Local inference speed is not one number. It is a function of the model, exact weights, quantization,
runtime, launch flags, context length, and hardware state. `llm-speed` controls those variables,
runs streamed benchmarks, and records enough evidence to make the result useful later. It is built
for people comparing local LLM servers on their own machines.

## Motivation

A benchmark is easy to write and easy to get wrong. Comparing an Ollama tag against a different MLX
snapshot mostly measures different artifacts, not different engines.
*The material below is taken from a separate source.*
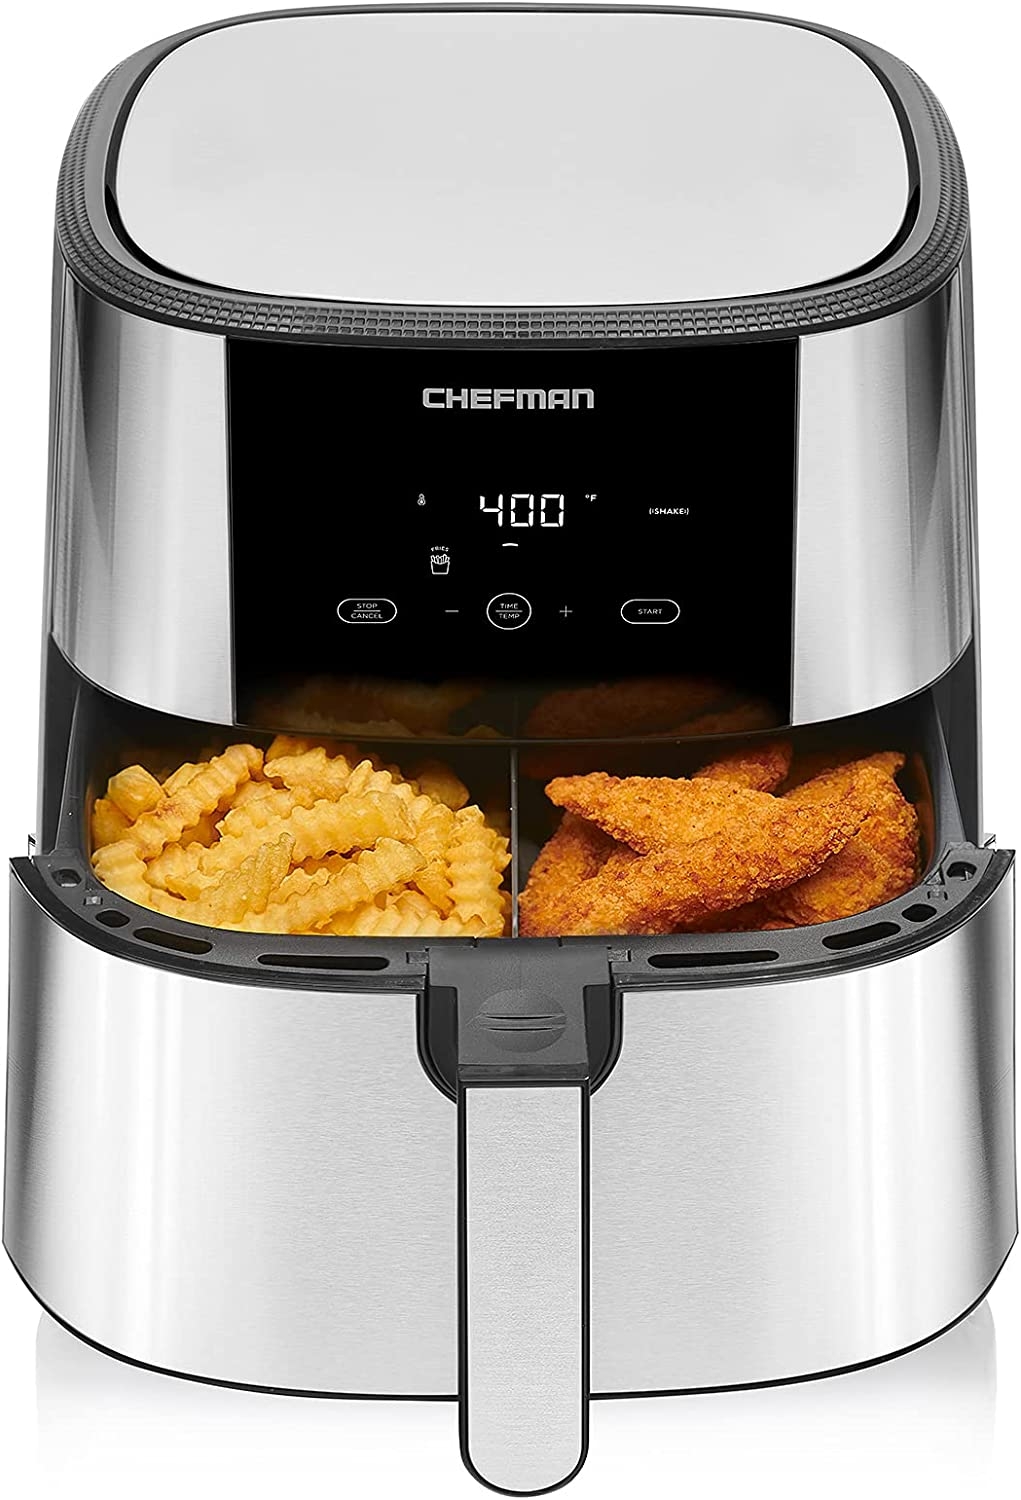 CHEFMAN Air Fryer Toaster Oven XL 20L, Healthy Cooking & User Friendly, Countertop Convection Bake & Broil, 9 Cooking Functions,

Counting characters as tokens
can move the winner again. `llm-speed` treats model identity and token provenance as part of the
benchmark, then refuses strict ranking when those facts are missing.

## Features

- Concurrent discovery across common localhost ports and custom URLs.
- Ollama and OpenAI-compatible streaming drivers.
- Generation, concurrency, long-context, prompt-processing, deterministic quality, MMLU, GPQA, and HumanEval benchmarks.
- Exact server counters with an isolated tokenizer fallback for pinned local models.
- Managed profiles for Ollama, LM Studio, llama.cpp, LocalAI, vLLM, text-generation-webui, and nine MLX runtimes.
- Verified GGUF downloads and immutable Hugging Face snapshots.
- Declarative configuration matrices with up to 256 variants per profile.
- JSON, CSV, HTML, SQLite history, comparisons, and regression detection.
- CPU, RAM, thermal-state, and optional CPU/GPU/ANE energy collection.
- Benchmark and launch-profile plugins through Python entry points.

## Architecture

Components:

- `discovery` probes local endpoints and identifies their protocol.
- `drivers` normalize streaming responses and token accounting.
- `model_matrix` and `model_acquisition` prove which artifact each engine receives.
- `tuning` installs engines, isolates processes, expands variants, monitors resources, and ranks runs.
- `benchmarks`, `reporting`, and `history` turn measurements into reusable evidence.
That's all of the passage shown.